Length of dataset in characters: 1115394


Sorting and Mapping of characters to indices and vice versa

In [14]:
# Sorting and Mapping of characters to indices and vice versa
chars = sorted(list(set(text)))
vocab_size = len(chars)
print("All unique characters:", ''.join(chars))
print(f"Vocab size: {vocab_size}")

# Mapping: Zeichen zu Integers (Tokenization)
stoi = { ch:i for i,ch in enumerate(chars) } # string to int
itos = { i:ch for i,ch in enumerate(chars) } # int to string
encode = lambda s: [stoi[c] for c in s] # Encoder: String -> Liste von ints
decode = lambda l: ''.join([itos[i] for i in l]) # Decoder: Liste von ints -> String
print(encode("hello world"))
print(decode(encode("hello world")))

All unique characters: 
 !$&',-.3:;?ABCDEFGHIJKLMNOPQRSTUVWXYZabcdefghijklmnopqrstuvwxyz
Vocab size: 65
[46, 43, 50, 50, 53, 1, 61, 53, 56, 50, 42]
hello world


Data preparation: splitting into training and validation sets

In [15]:
# Train/Test Split
data = torch.tensor(encode(text), dtype=torch.long) # Convert the entire text into a list of token IDs
# Split into training and validation data
n = int(0.9*len(data)) # 90% for Training, 10% for Validation
train_data = data[:n] # train_data 
val_data = data[n:] # val_data

Auxillary functions for data batching and loss estimation

In [16]:
# --- Helper function: Data batching ---
def get_batch(split):
    # Generates a small batch of inputs (x) and targets (y)
    data = train_data if split == 'train' else val_data
    # We choose random starting points in the text
    ix = torch.randint(len(data) - block_size, (batch_size,))
    # x is the context, y is the target (the next character)
    x = torch.stack([data[i:i+block_size] for i in ix])
    y = torch.stack([data[i+1:i+block_size+1] for i in ix])
    x, y = x.to(device), y.to(device) # Move to the M4
    return x, y

# --- Helper function: Loss estimation (without backprop) ---
@torch.no_grad()
def estimate_loss(model):
    out = {}
    model.eval() # set model to evaluation mode
    for split in ['train', 'val']:
        losses = torch.zeros(eval_iters)
        for k in range(eval_iters):
            X, Y = get_batch(split)
            logits, loss = model(X, Y)
            losses[k] = loss.item()
        out[split] = losses.mean()
    model.train() # set model back to training mode
    return out

## 2. Bigram Language Model Definition

### What is a Bigram Model?

A bigram model is a simple statistical language model that predicts the probability of a word based on the one word that precedes it. It works by analyzing pairs of consecutive words (bigrams) from a training corpus to learn which words tend to follow others, a technique based on the Markov assumption.

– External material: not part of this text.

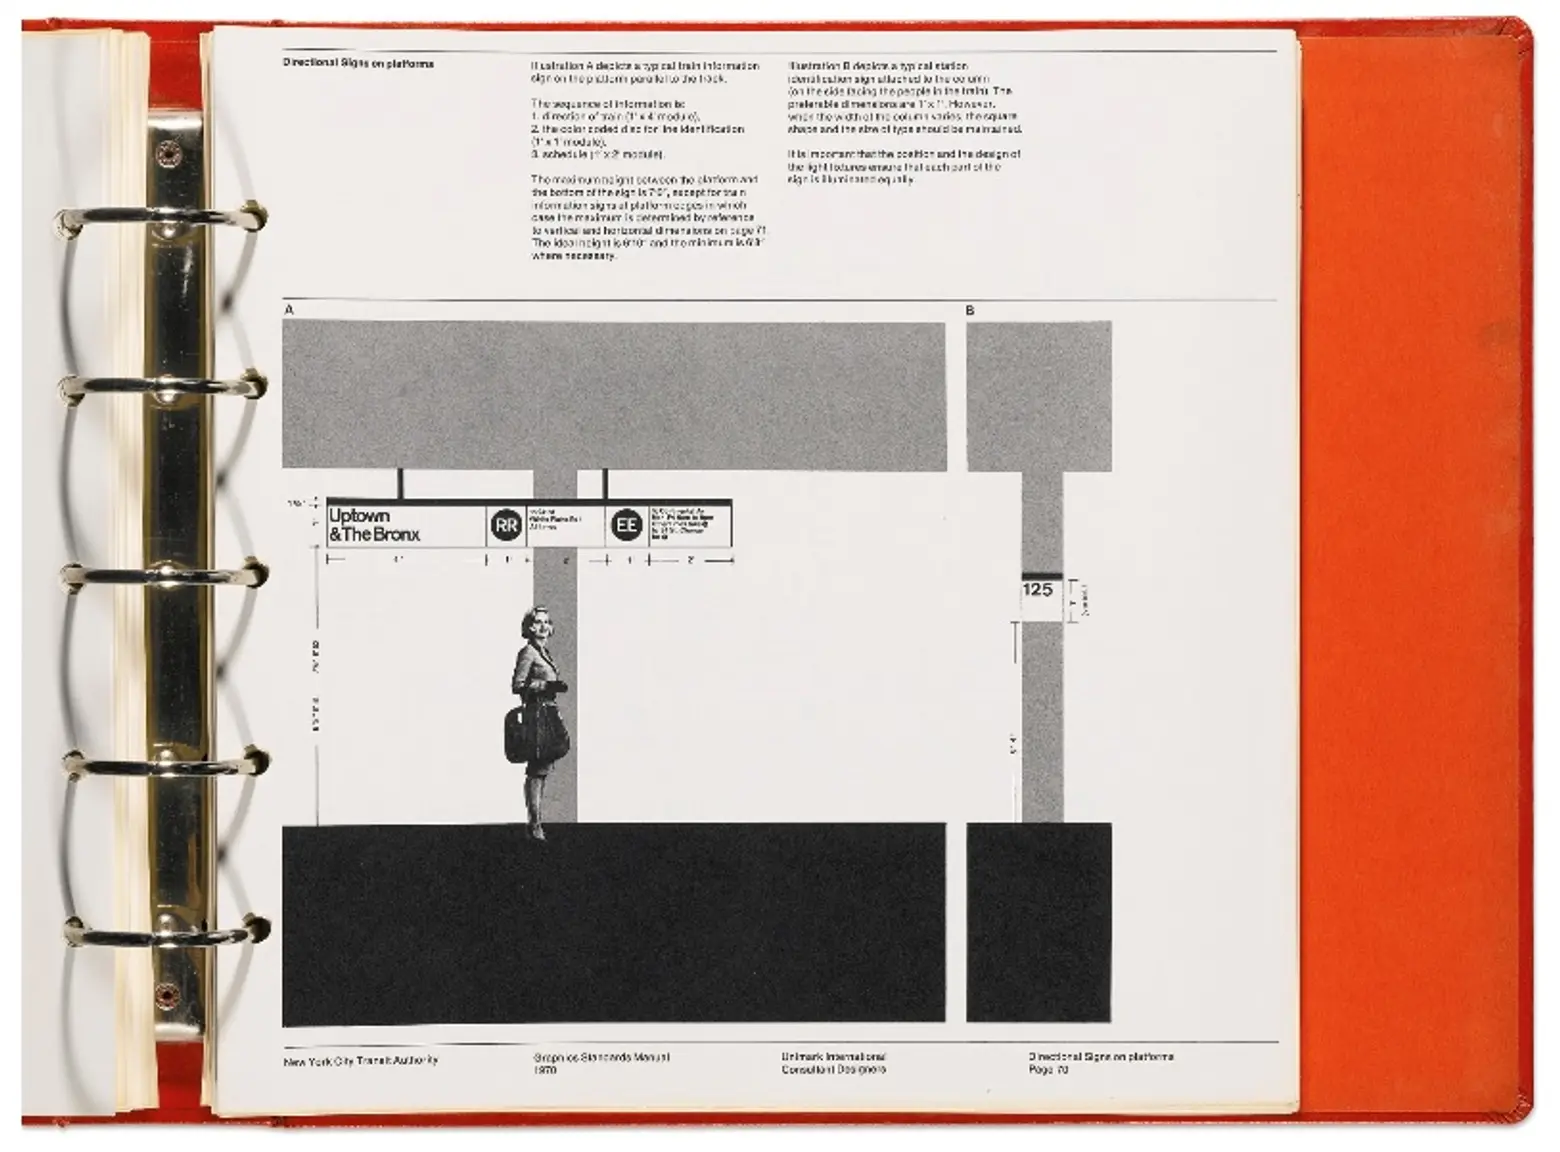 Massimo Vignelli, Bob Noorda, NYC Transit Authority Graphics Standards Manual

This allows it to generate new text that mimics the patterns of the original text, though it doesn't understand meaning or consider more than the previous word.  

### How it works?

1. **Data Training**: The model is trained on a large body of text (a corpus). 
2. **Counting Bigrams**: It counts how many times each pair of consecutive words appears in the corpus. 
3. **Probability Calculation**: It calculates the probability of a word appearing given the previous word. For example, the probability of "cat" following "the" is the count of "the cat" divided by the count of "the". 
4. **Text Generation**: When generating new text, it uses these probabilities to predict the next word. For instance, after generating the word "the," it will look at the learned probabilities to decide which word is most likely to come next. 
5. **Simplification**: It operates under the assumption that a word's probability only depends on the immediately preceding word, ignoring any words that came before that. 

### Key characteristics

1. **Simple yet powerful**: It is a fundamental and effective way to build a basic language model without complex neural networks. 
2. **Word dependency**: It is better than models that only consider individual words (unigrams) because it captures some local word dependencies. 
3. **Limited context**: Its main limitation is its narrow view, as it only considers one preceding word and has no memory of further context. 

In [17]:
class BigramLanguageModel(nn.Module):
    def __init__(self, vocab_size):
        super().__init__()
        # Each token directly reads off the logits for the next token from a lookup table
        # Embedding Dimension = Vocab Size, since we have no Hidden Layers
        self.token_embedding_table = nn.Embedding(vocab_size, vocab_size)

    def forward(self, idx, targets=None):
        # idx and targets are both (B,T) tensors of integers
        logits = self.token_embedding_table(idx) # (B,T,C)

        if targets is None:
            loss = None
        else:
            # Reshape for loss computation
            B, T, C = logits.shape
            logits = logits.view(B*T, C)
            targets = targets.view(B*T)
            loss = F.cross_entropy(logits, targets)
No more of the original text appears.